Re: [PATCH 2/2] thp: support split page table lock

2013-09-06 Thread Naoya Horiguchi
Hi Kirill,

On Fri, Sep 06, 2013 at 01:48:03PM +0300, Kirill A. Shutemov wrote:
 Naoya Horiguchi wrote:
  Thp related code also uses per process mm-page_table_lock now.
  So making it fine-grained can provide better performance.
  
  This patch makes thp support split page table lock by using page-ptl
  of the pages storing pmd_trans_huge pmds.
  
  Some functions like pmd_trans_huge_lock() and page_check_address_pmd()
  are expected by their caller to pass back the pointer of ptl, so this
  patch adds to those functions new arguments for that. Rather than that,
  this patch gives only straightforward replacement.
  
  ChangeLog v3:
   - fixed argument of huge_pmd_lockptr() in copy_huge_pmd()
   - added missing declaration of ptl in do_huge_pmd_anonymous_page()
  
  Signed-off-by: Naoya Horiguchi n-horigu...@ah.jp.nec.com
 
 Generally, looks good. Few notes:
 
 I believe you need to convert __pte_alloc() to new locking. Not sure about
 __pte_alloc_kernel().
 Have you check all rest mm-page_table_lock, that they shouldn't be
 converted to new locking?

I thought that keeping __pte_alloc() using mm-page_table_lock was safe
because it uses bare mm-page_table_lock instead of pte_lockptr() even
before this patchset, but not 100% sure.
__pte_alloc() (and its family) are used in normal page path, so if it's
not safe, we've lived with unsafe code for very long (maybe since 2005).
Anyway, converting __pte_alloc() into split ptl could improve performance
(though we need testing to know what amount), so I'll try that.
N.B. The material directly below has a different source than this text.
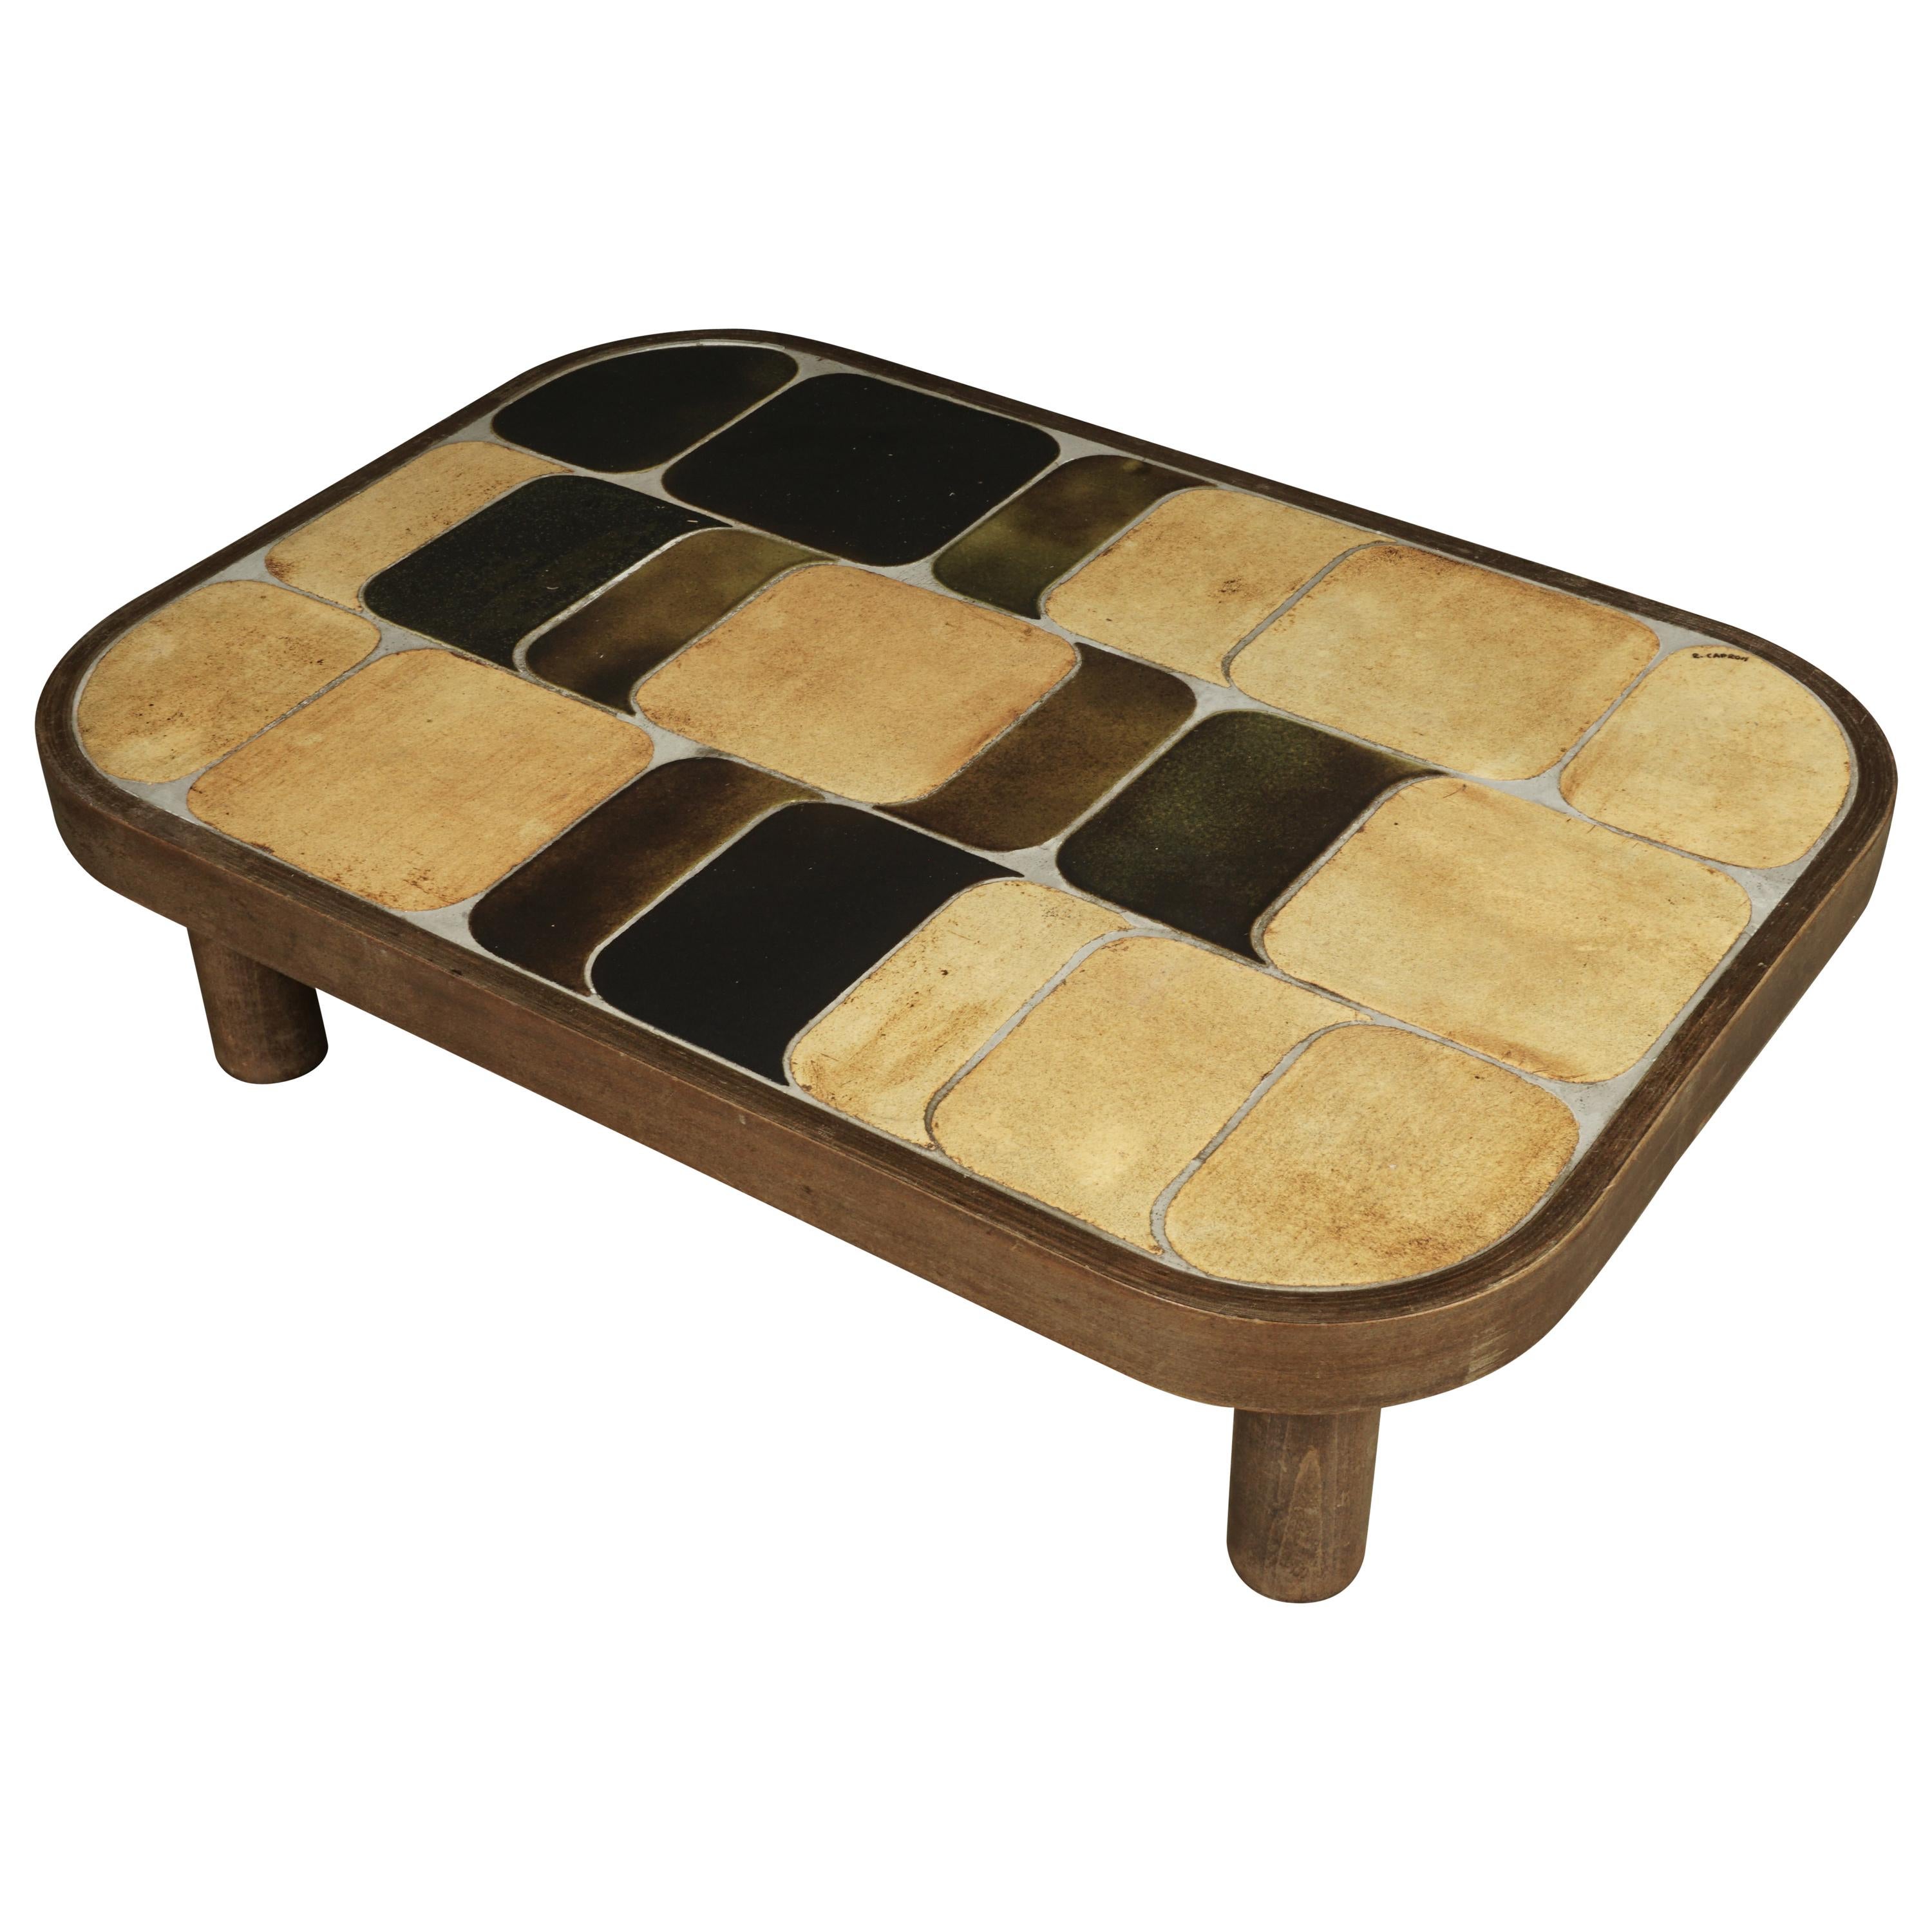 Vintage Mosaic "Shogun" Coffee Table Designed by Roger Capron, France, 1960s

 You use uninitialized_var() a lot. It's ugly. I've check few places
 (task_mmu.c, copy_huge_pmd) and have found a reason why we need it there.
 Why?

I got a compile warning of uninitialized usage when developing and added
to suppress it, but in the final form I never get such a warning.
So I'll remove this uninitialized_var()s.

 You often do
 
 +   ptl = huge_pmd_lockptr(mm, pmd);
 +   spin_lock(ptl);
 
 Should we have a helper to combine them? huge_pmd_lock()?

OK, I'll do it.

Thanks,
Naoya Horiguchi
--
To unsubscribe from this list: send the line unsubscribe linux-kernel in
the body of a message to majord...@vger.kernel.org
More majordomo info at  http://vger.kernel.org/majordomo-info.html
Please read the FAQ at  http://www.tux.org/lkml/


Re: [PATCH 2/2] thp: support split page table lock

2013-09-06 Thread Kirill A. Shutemov
Naoya Horiguchi wrote:
 Hi Kirill,
 
 On Fri, Sep 06, 2013 at 01:48:03PM +0300, Kirill A. Shutemov wrote:
  Naoya Horiguchi wrote:
   Thp related code also uses per process mm-page_table_lock now.
   So making it fine-grained can provide better performance.
   
   This patch makes thp support split page table lock by using page-ptl
   of the pages storing pmd_trans_huge pmds.
   
   Some functions like pmd_trans_huge_lock() and page_check_address_pmd()
   are expected by their caller to pass back the pointer of ptl, so this
   patch adds to those functions new arguments for that. Rather than that,
   this patch gives only straightforward replacement.
   
   ChangeLog v3:
- fixed argument of huge_pmd_lockptr() in copy_huge_pmd()
- added missing declaration of ptl in do_huge_pmd_anonymous_page()
   
   Signed-off-by: Naoya Horiguchi n-horigu...@ah.jp.nec.com
  
  Generally, looks good. Few notes:
  
  I believe you need to convert __pte_alloc() to new locking. Not sure about
  __pte_alloc_kernel().
  Have you check all rest mm-page_table_lock, that they shouldn't be
  converted to new locking?
 
 I thought that keeping __pte_alloc() using mm-page_table_lock was safe
 because it uses bare mm-page_table_lock instead of pte_lockptr() even
 before this patchset, but not 100% sure.
 __pte_alloc() (and its family) are used in normal page path, so if it's
 not safe, we've lived with unsafe code for very long (maybe since 2005).
 Anyway, converting __pte_alloc() into split ptl could improve performance
 (though we need testing to know what amount), so I'll try that.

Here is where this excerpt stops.